The allegations relate to the use of an outside company engaged in 'stripping' – a technical term for cleaning ovens and furnaces used in copper mining.
One section of the report, seen by the Daily Mail, suggests the 'contract stripping companies' were 'previously owned by son and brother of CFO [Zaurbekova]' and were 'hastily transferred to friendly nominee'.
It goes on to say that there was a 'lack of related party disclosures to board and regulators, including collusion of SSGPO president with... major shareholder Alijan Ibragimov'.
The contractors which performed the stripping were also said to have no previous experience in mining and did not have a licence.
One ENRC board member told the Mail that allegations Zaurbekova gave lucrative contracts to family members have already been dismissed by the company.

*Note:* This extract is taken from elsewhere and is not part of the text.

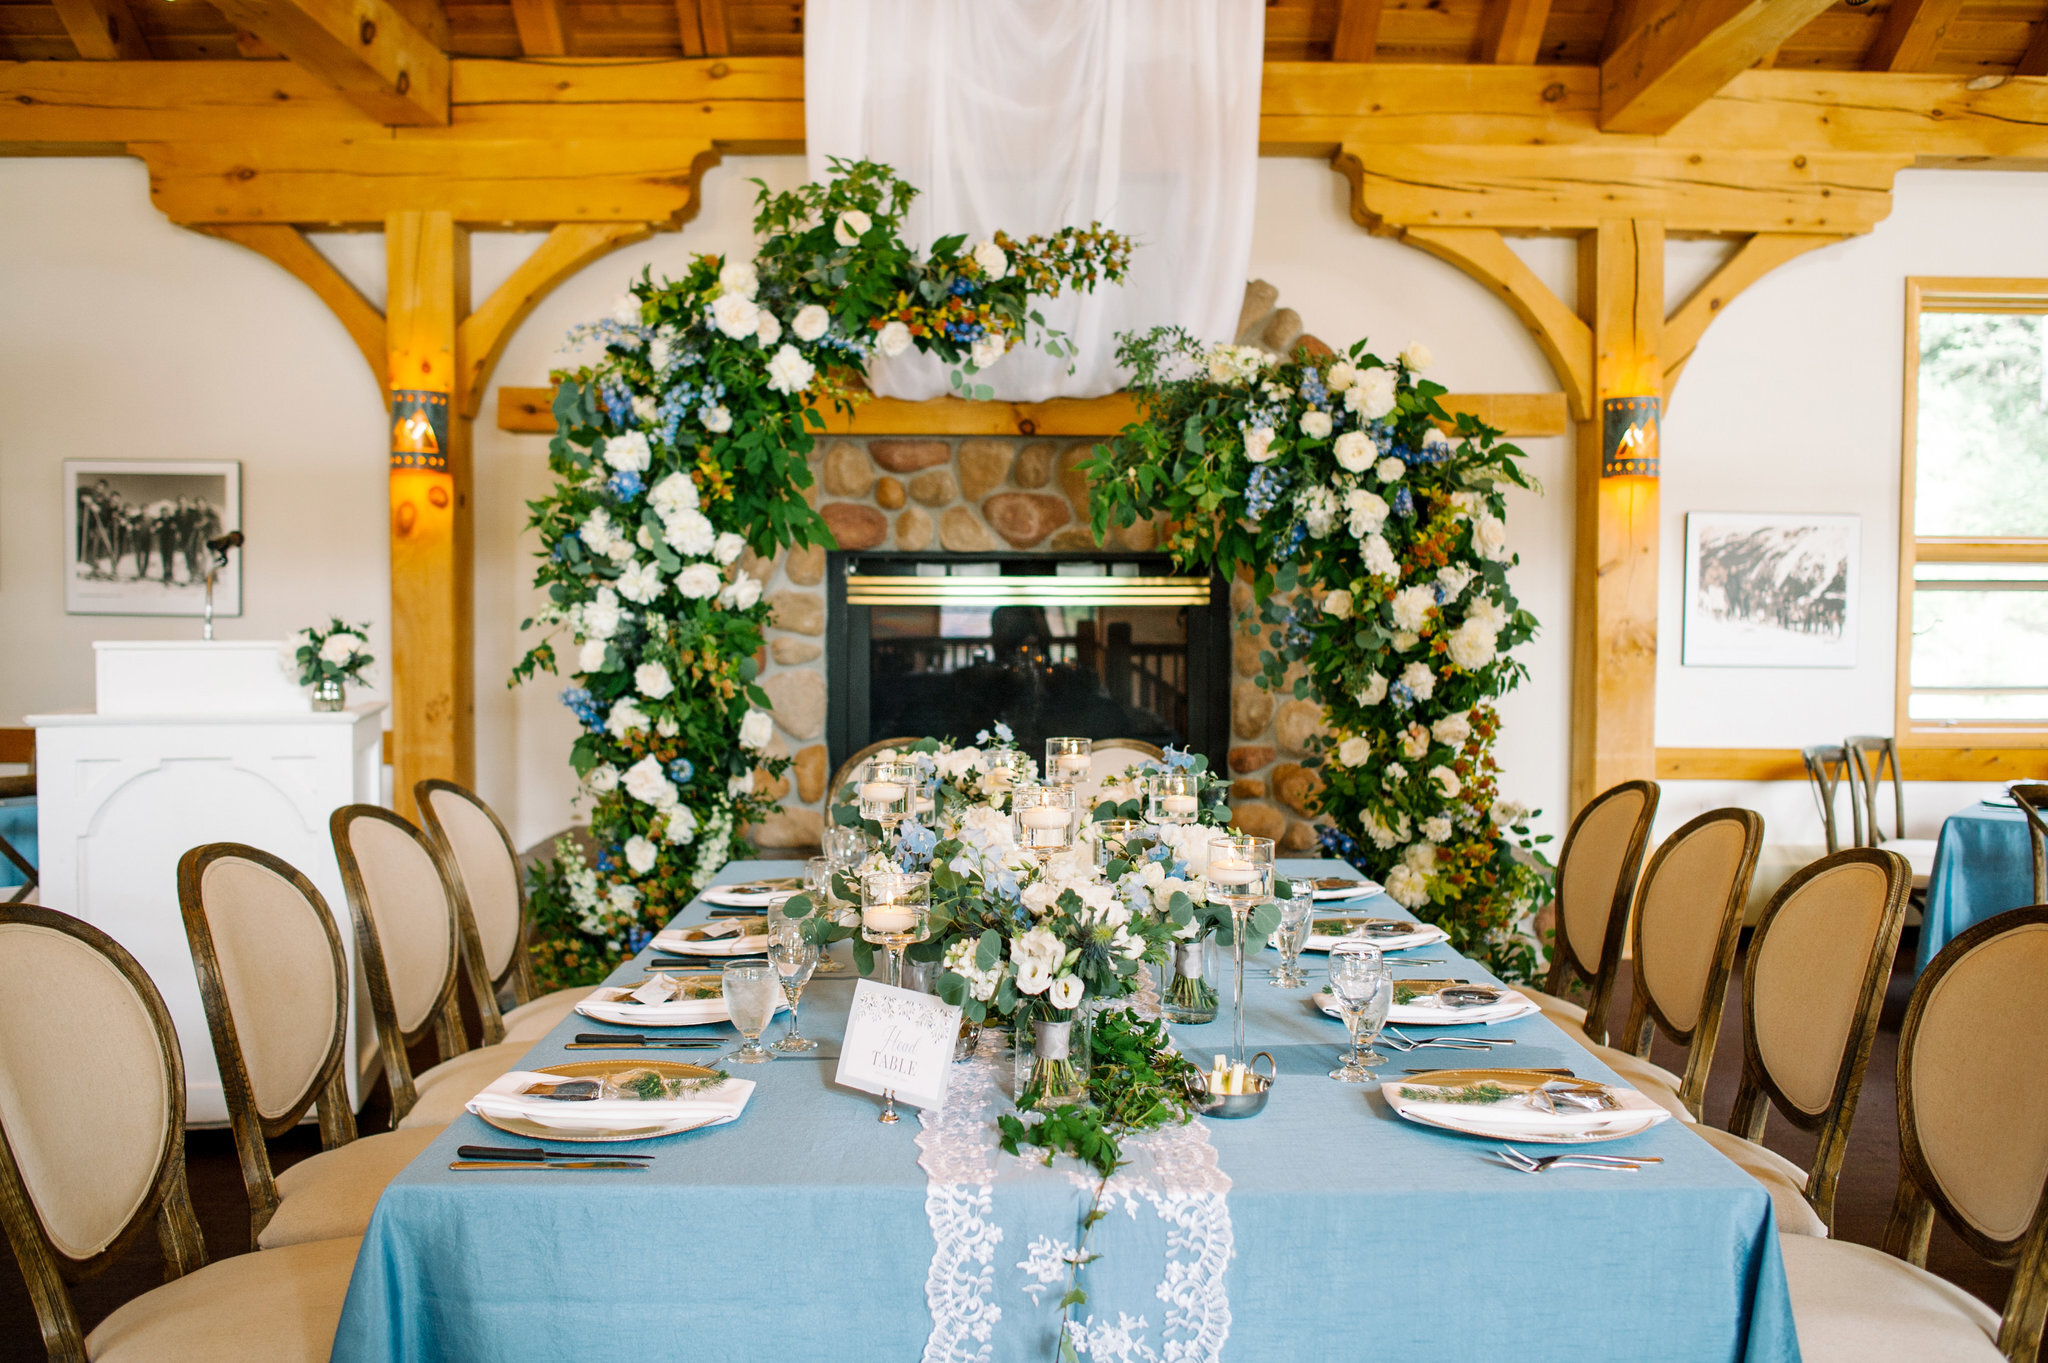 flower-artistry-beautiful-wedding-venue-dinner-table (Copy)

'There were allegations made that a relative of the CFO was involved in a company contracted to SSGPO,' the board member said. 'It was investigated and the judgment was made that the CFO did not know this.'
But the board member was unaware of any suggestion that the value of contracts was inflated, saying only: 'If you were doing a fiddle, that's how you'd do it.'
The unsanctioned release of the report adds to a history of boardroom rows that have weighed on ENRC's share price (down 3.3p to 342.8p yesterday) and saw former non-executive director Ken Olisa label the firm 'more Soviet than City' after being ousted in 2011. 'The security around this report was ultra-high, so it must have come from inside,' said the boardroom source.
About 15 months ago ENRC said it was assisting the Serious Fraud Office with an inquiry into corruption allegations at its subsidiary in Kazakhstan.
ENRC could not be reached for comment yesterday.